══ Task material ══

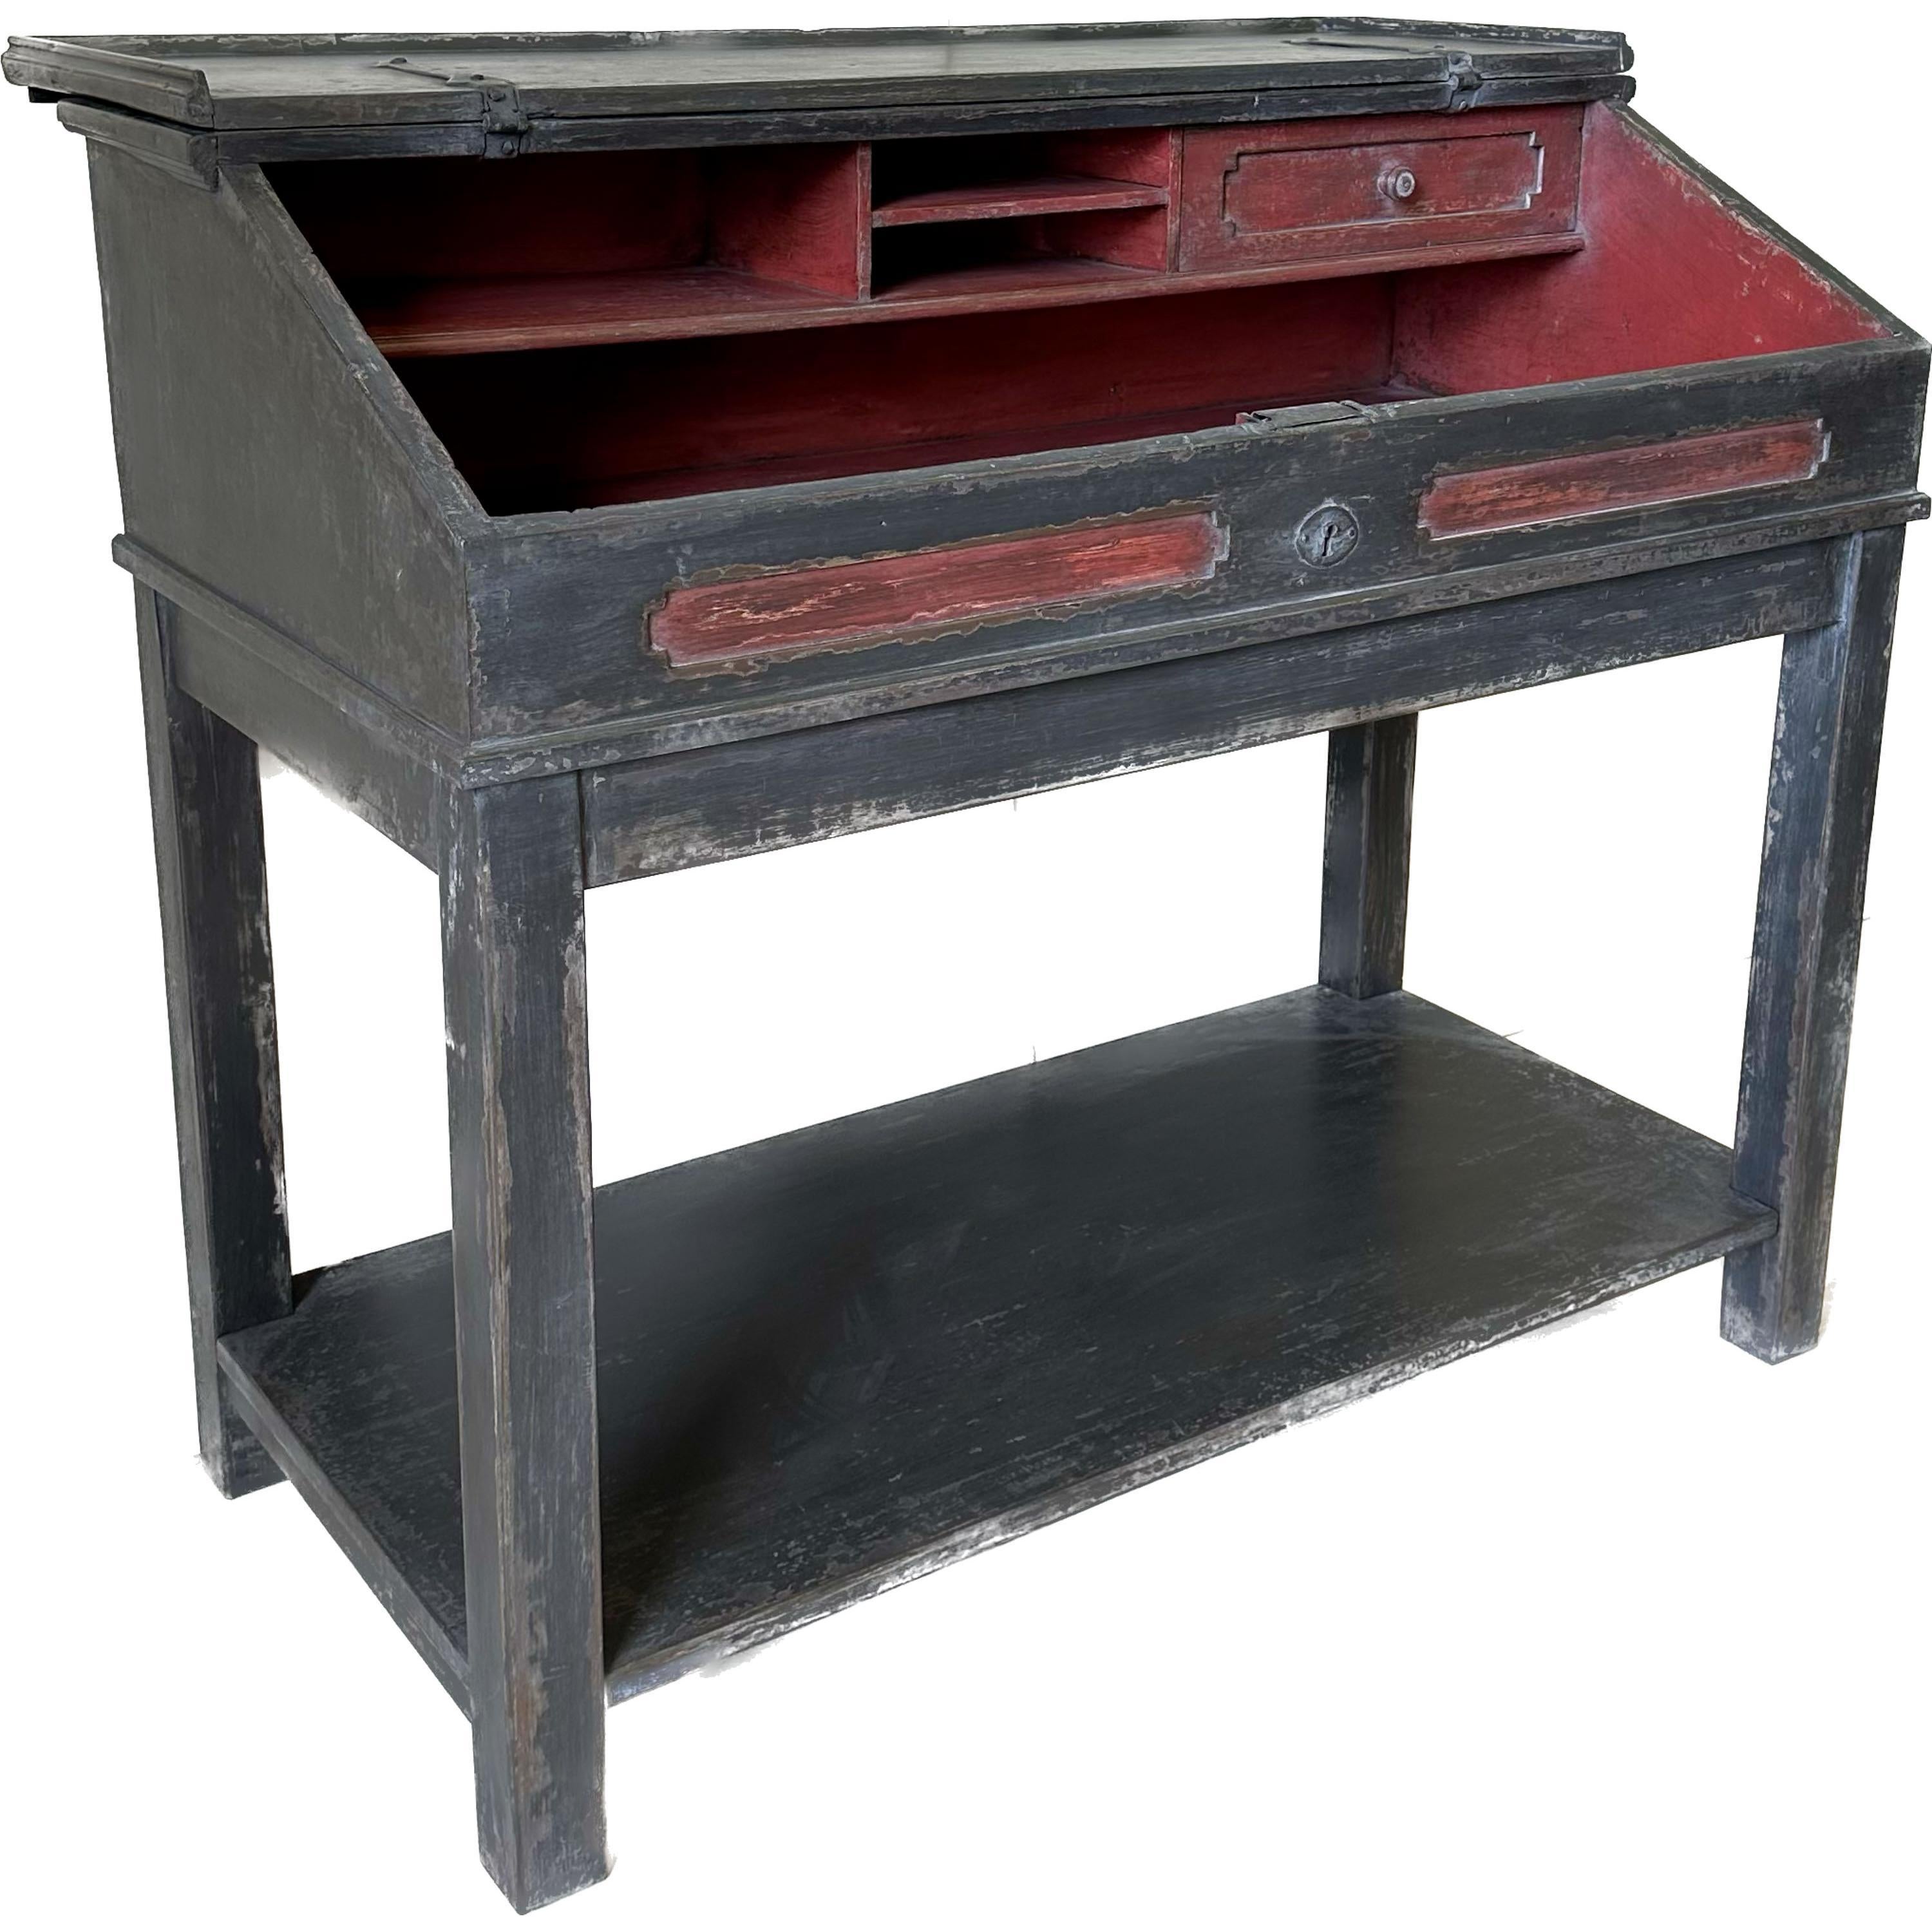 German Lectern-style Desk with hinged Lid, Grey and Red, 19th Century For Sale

═══
══ Task material ══

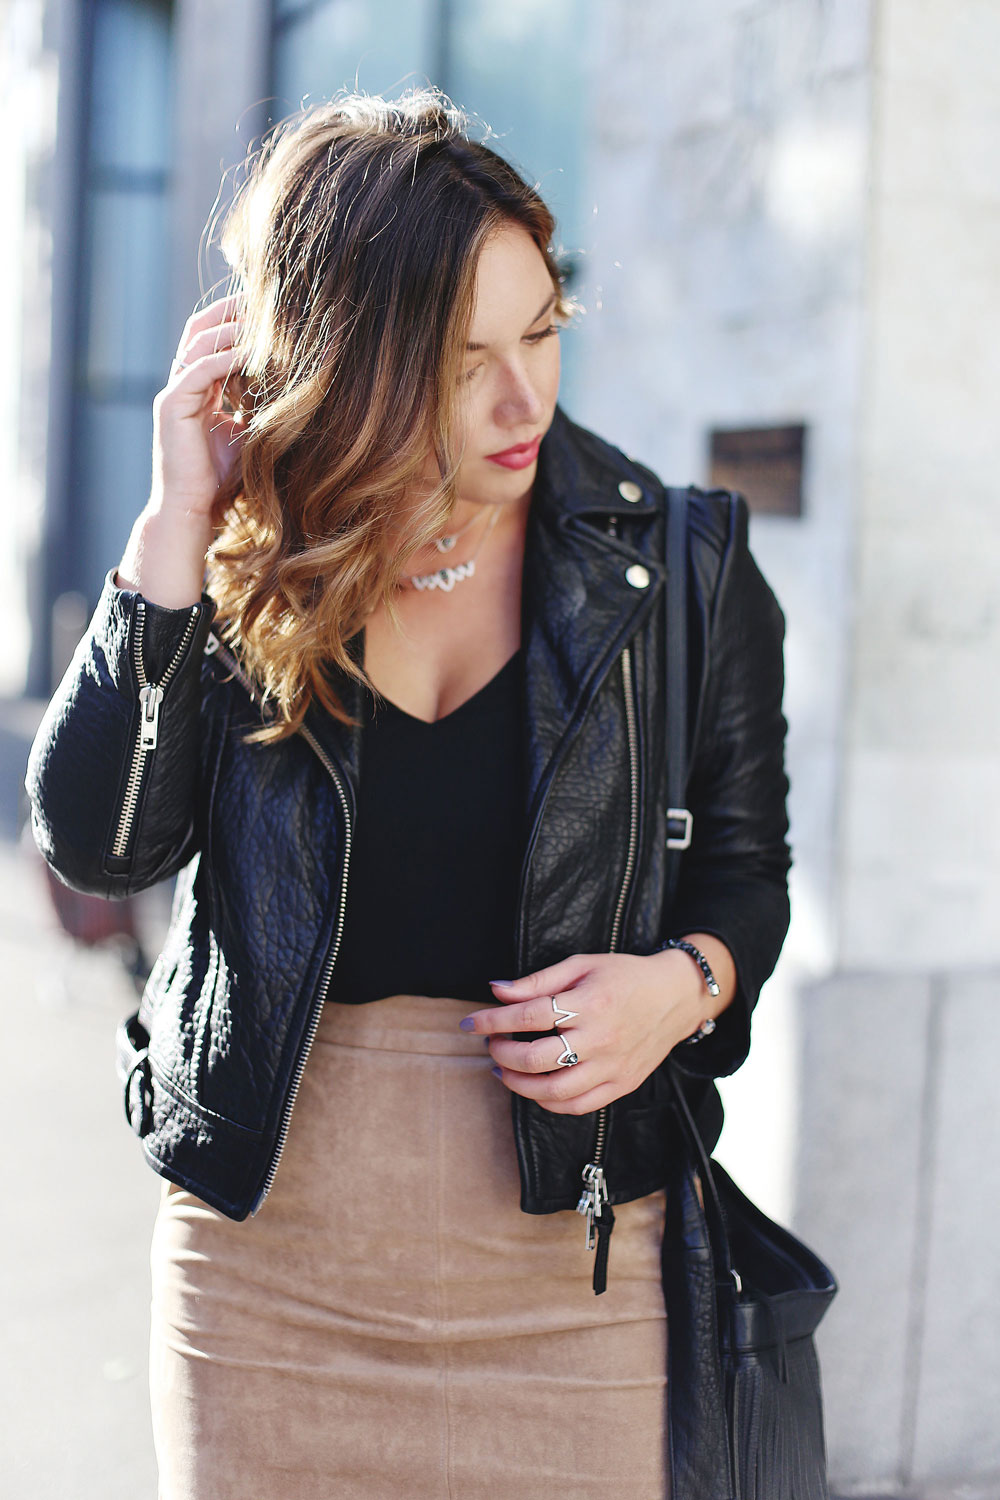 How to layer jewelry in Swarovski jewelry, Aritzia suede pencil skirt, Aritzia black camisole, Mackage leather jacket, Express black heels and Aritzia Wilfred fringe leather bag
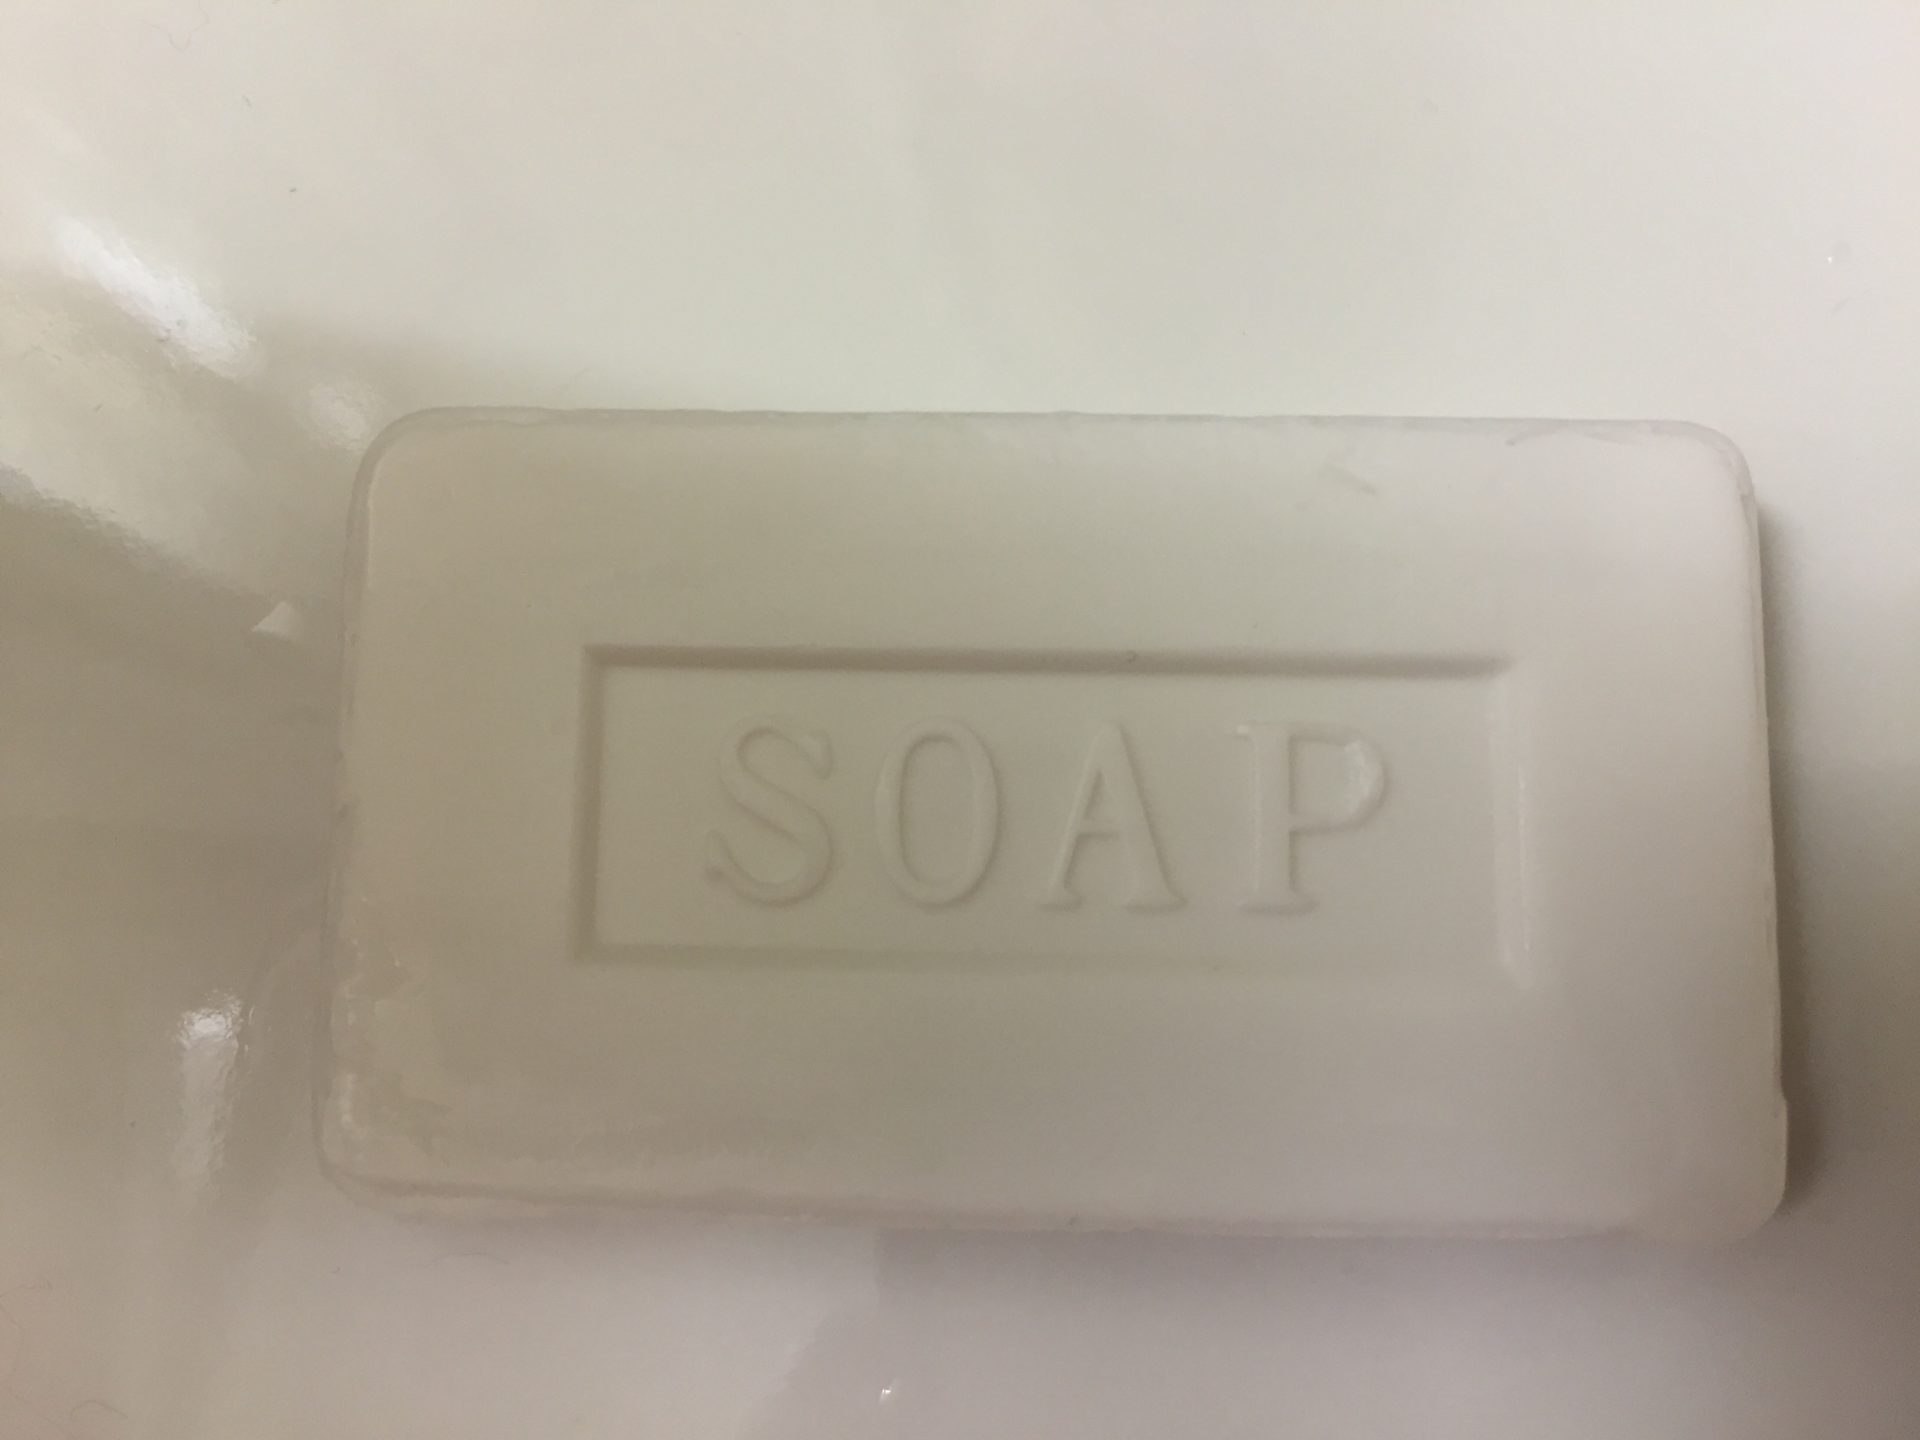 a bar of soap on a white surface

═══

## To do
Copy nothing but the lines above that run from the one with "How to layer" to the one with "a bar of soap on a white surface", ends included; pictures stay out.

## Answer to the exercise
 How to layer jewelry in Swarovski jewelry, Aritzia suede pencil skirt, Aritzia black camisole, Mackage leather jacket, Express black heels and Aritzia Wilfred fringe leather bag
 a bar of soap on a white surface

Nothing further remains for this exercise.